Task material:
[Start of Attachment]

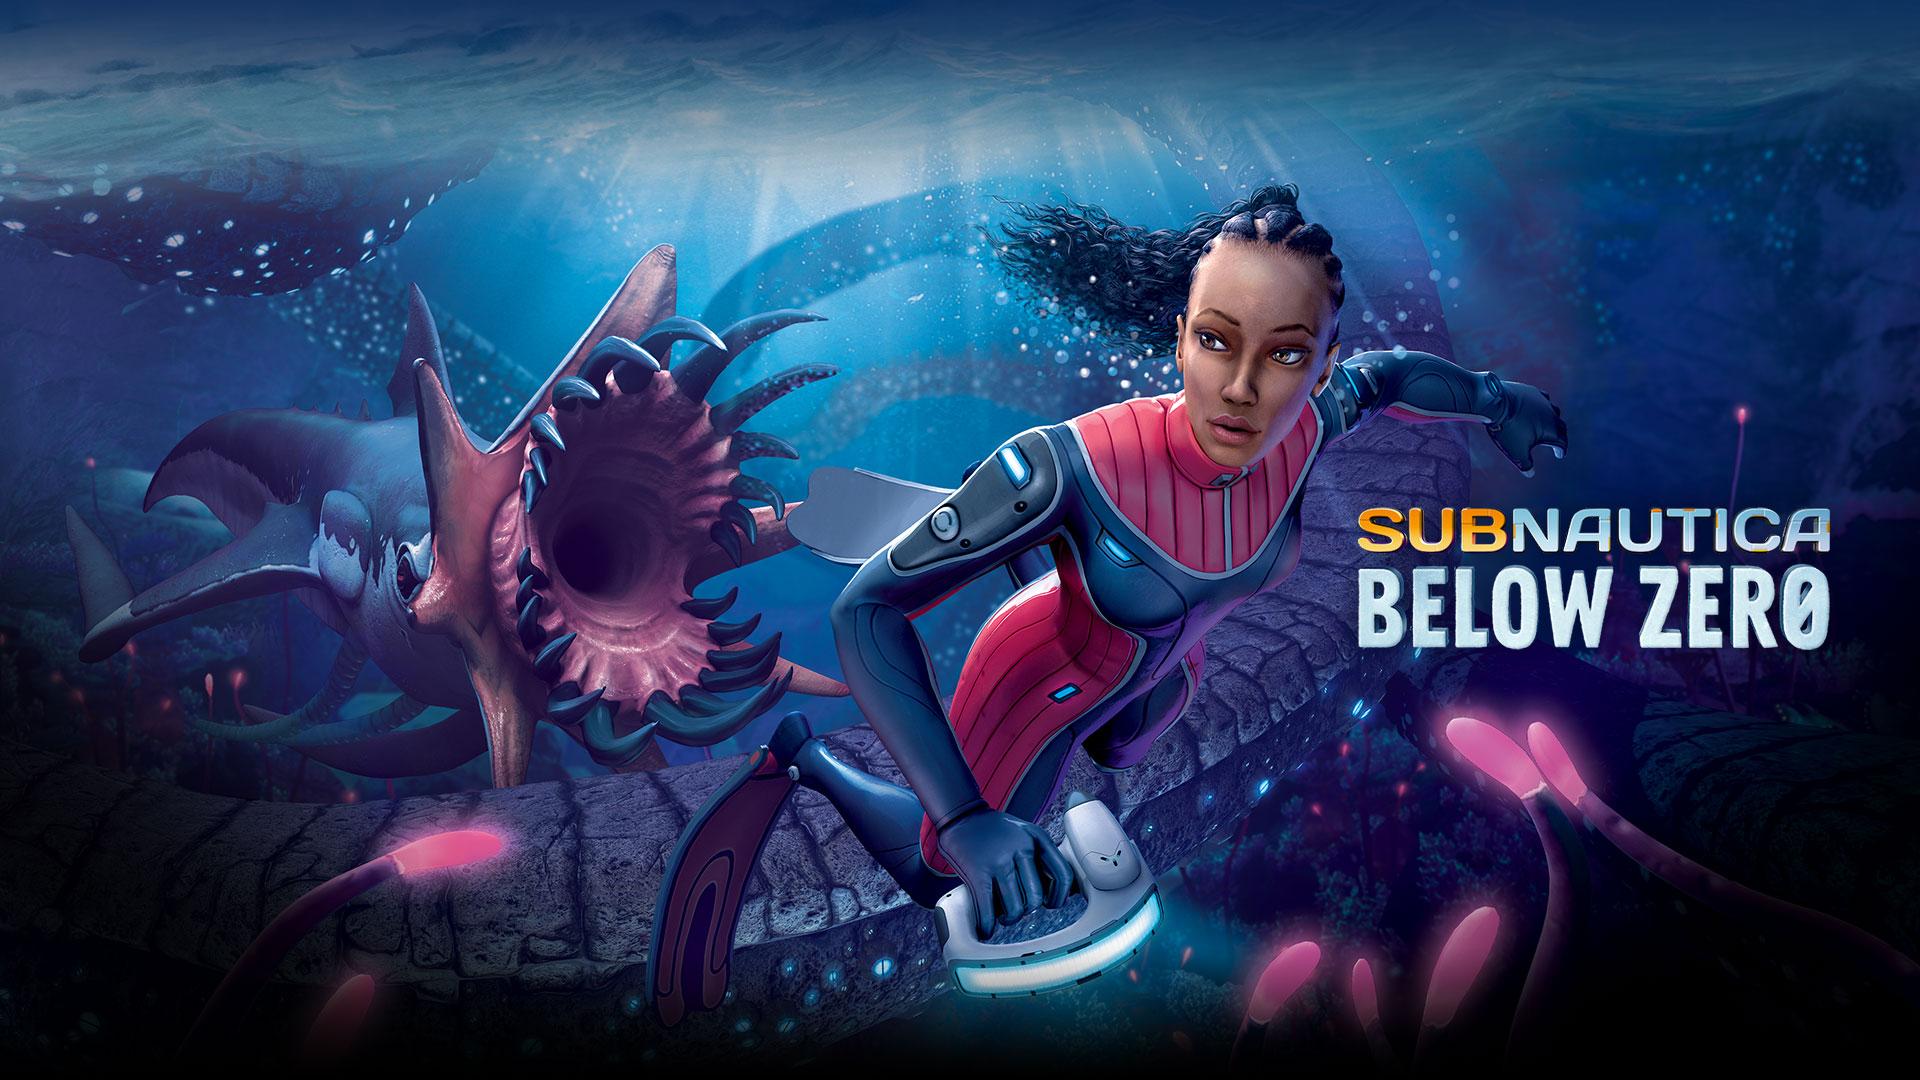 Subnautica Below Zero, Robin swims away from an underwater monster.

[End of Attachment]
[Start of Attachment]

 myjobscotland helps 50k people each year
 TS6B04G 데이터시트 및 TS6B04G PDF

[End of Attachment]
[Start of Attachment]

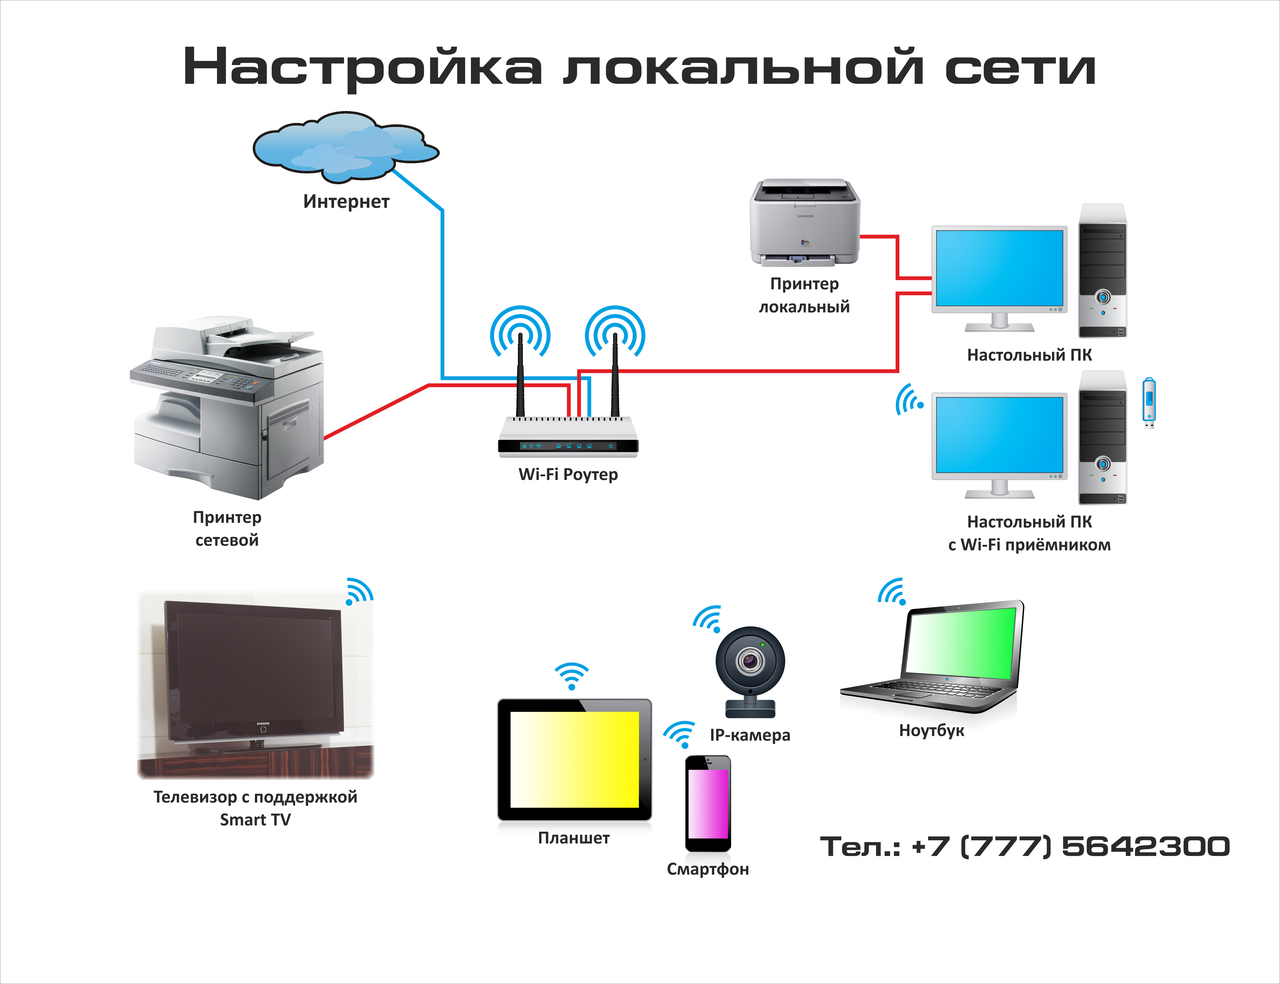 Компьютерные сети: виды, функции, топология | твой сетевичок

[End of Attachment]

Your assignment: Using only the listing above, restate exactly the lines from the line containing "myjobscotland helps 50k people each year" through the line containing "TS6B04G 데이터시트 및 TS6B04G PDF", both included.

Reply:
 myjobscotland helps 50k people each year
 TS6B04G 데이터시트 및 TS6B04G PDF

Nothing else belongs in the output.